(Source material Opens)

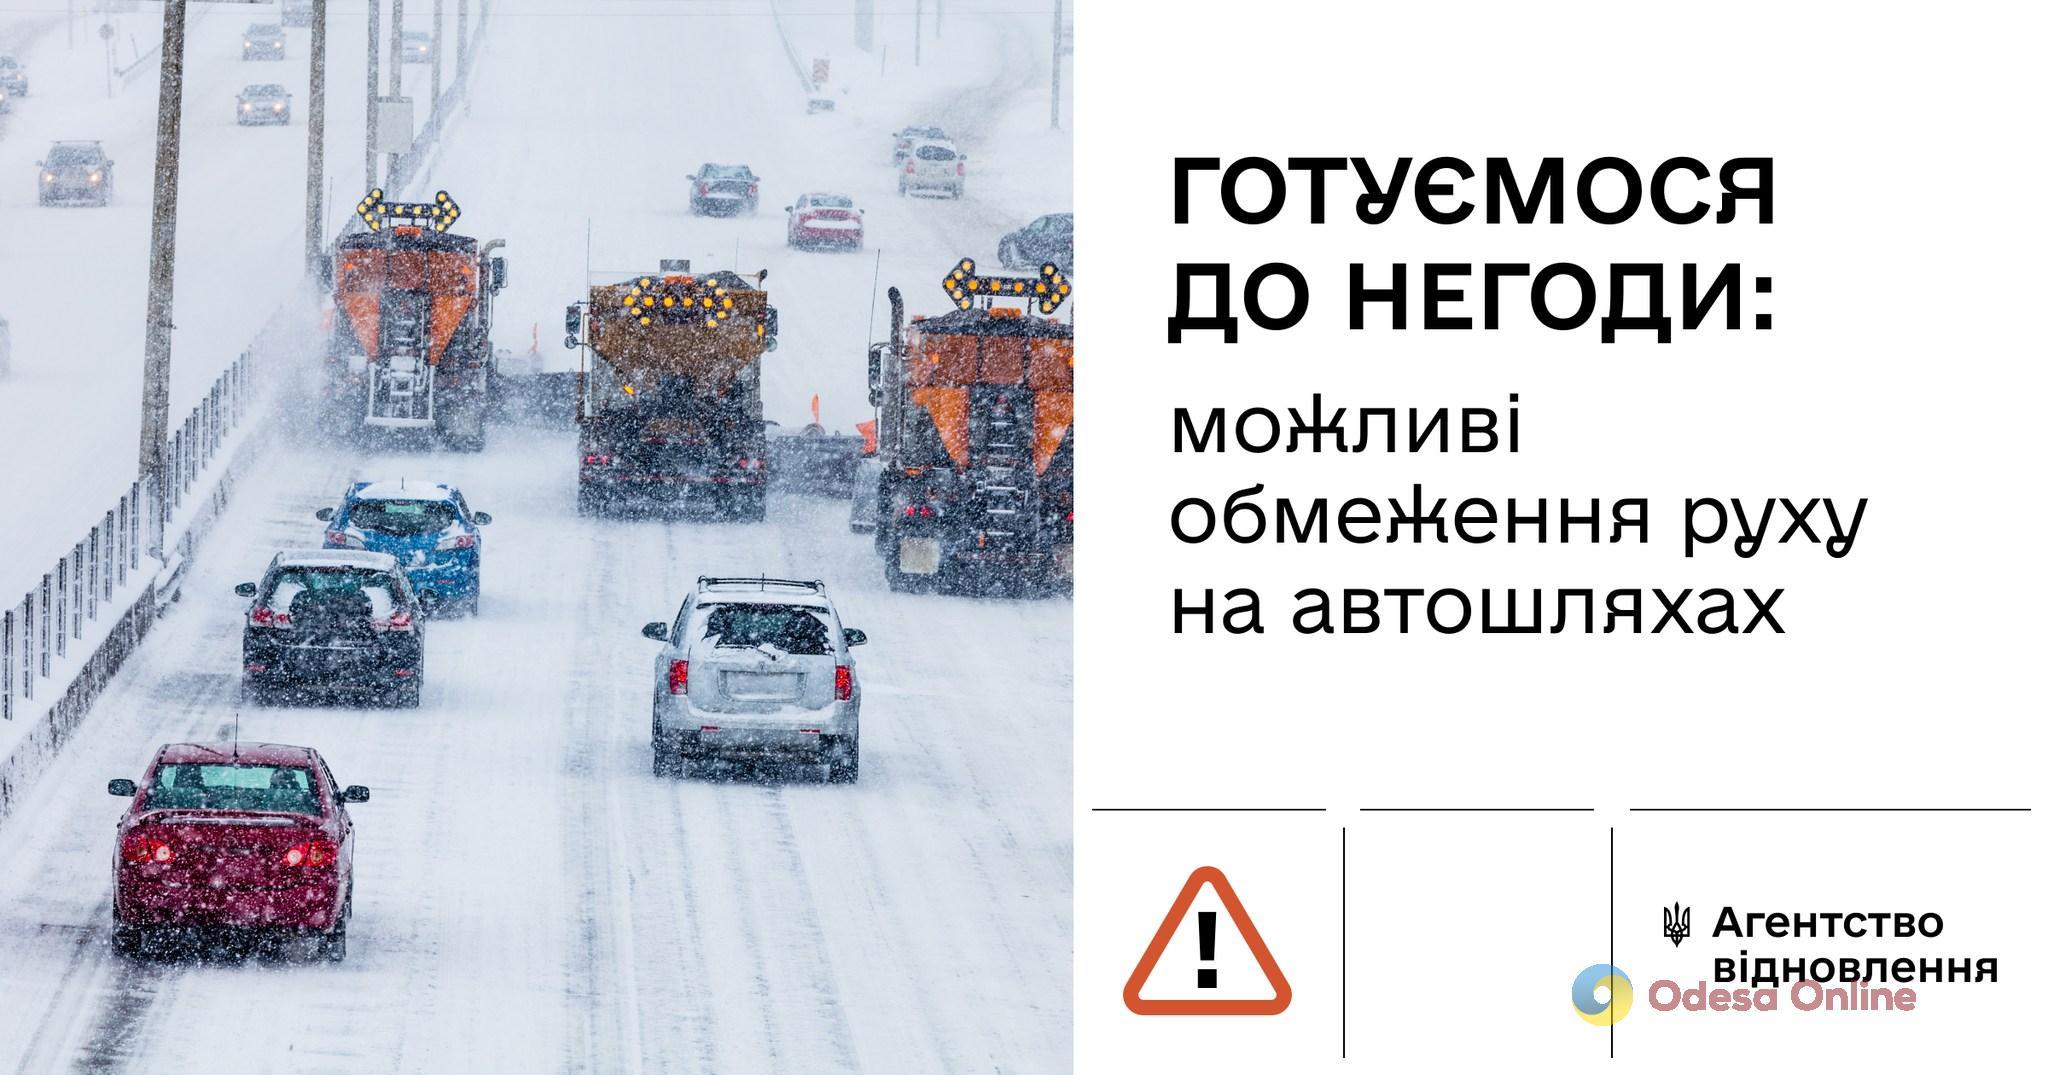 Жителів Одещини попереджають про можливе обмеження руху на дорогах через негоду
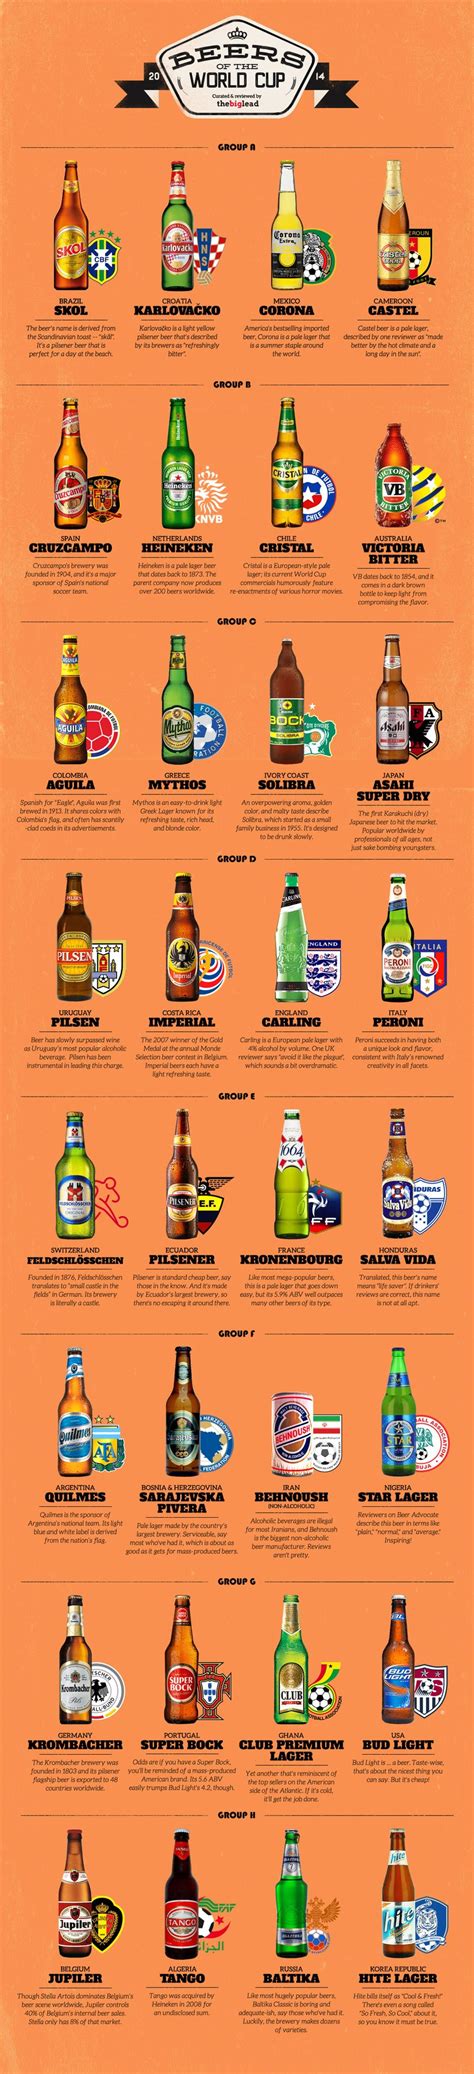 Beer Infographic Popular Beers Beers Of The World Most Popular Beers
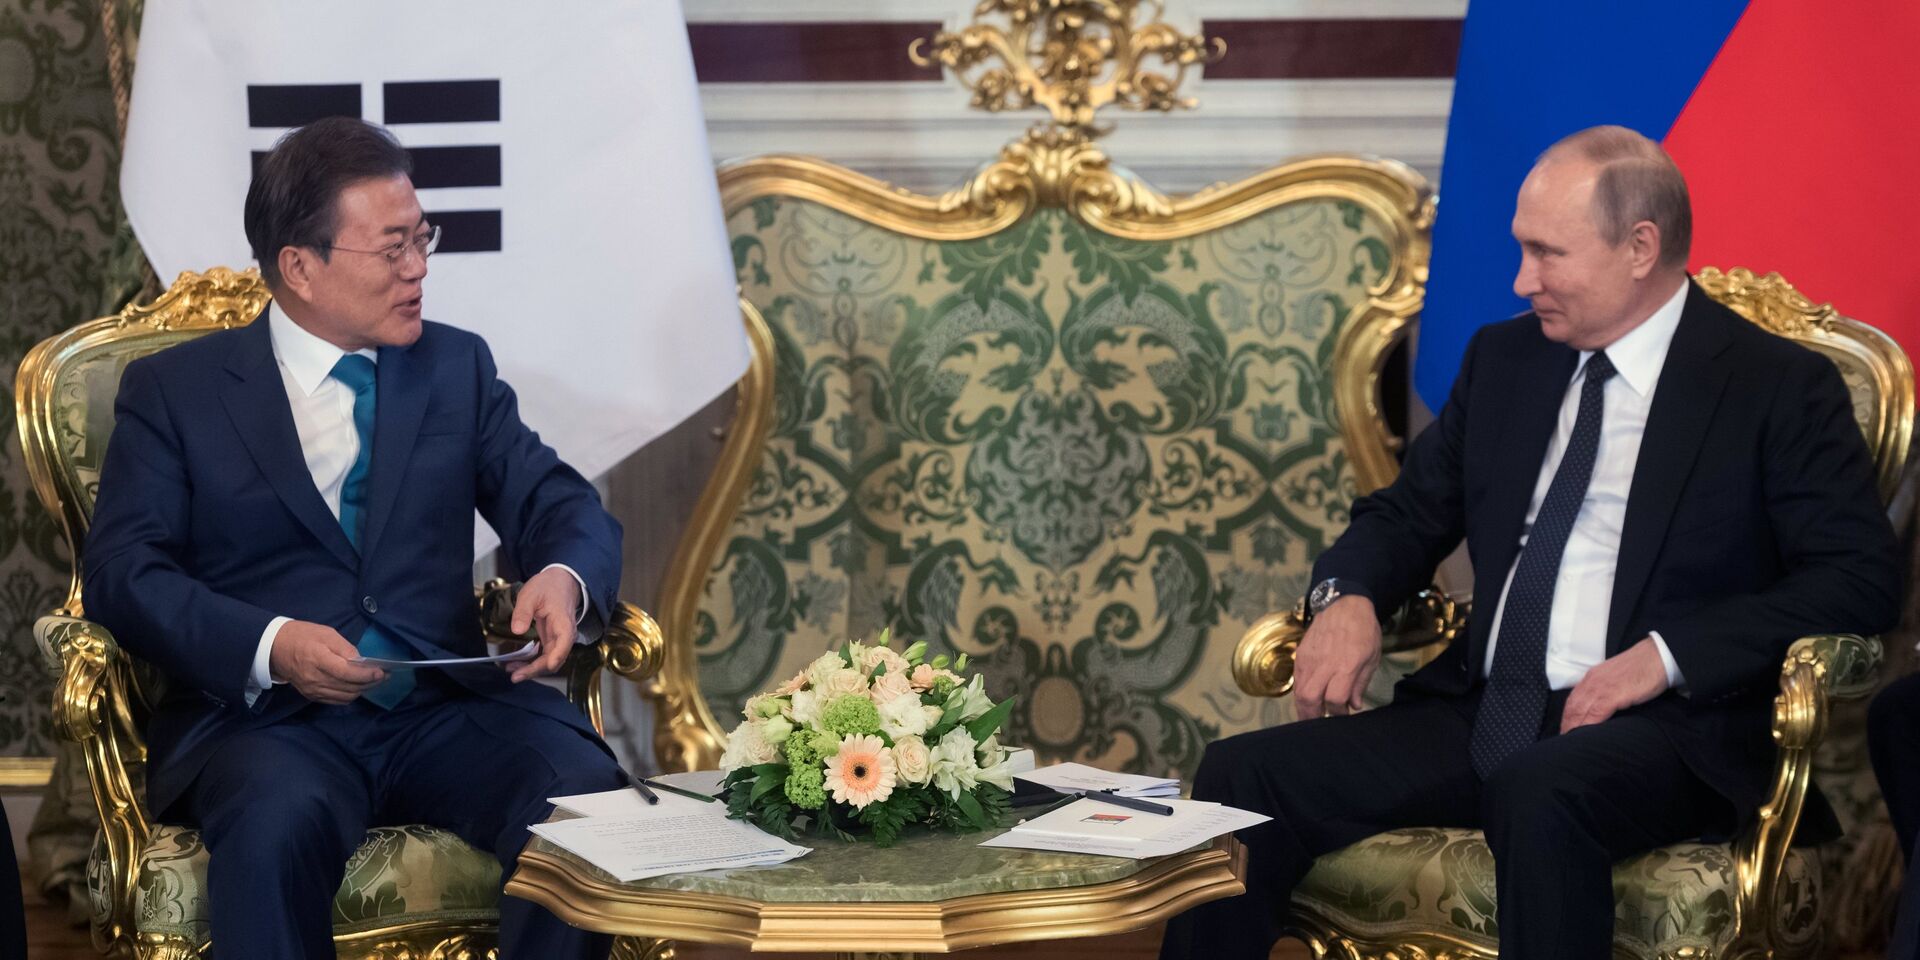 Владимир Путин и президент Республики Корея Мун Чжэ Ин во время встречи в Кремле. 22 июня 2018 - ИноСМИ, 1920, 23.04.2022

(Source material Closes)

Repeat each line of the material exactly, and drop any image it carries.

 Жителів Одещини попереджають про можливе обмеження руху на дорогах через негоду
 Beer Infographic Popular Beers Beers Of The World Most Popular Beers
 Владимир Путин и президент Республики Корея Мун Чжэ Ин во время встречи в Кремле. 22 июня 2018 - ИноСМИ, 1920, 23.04.2022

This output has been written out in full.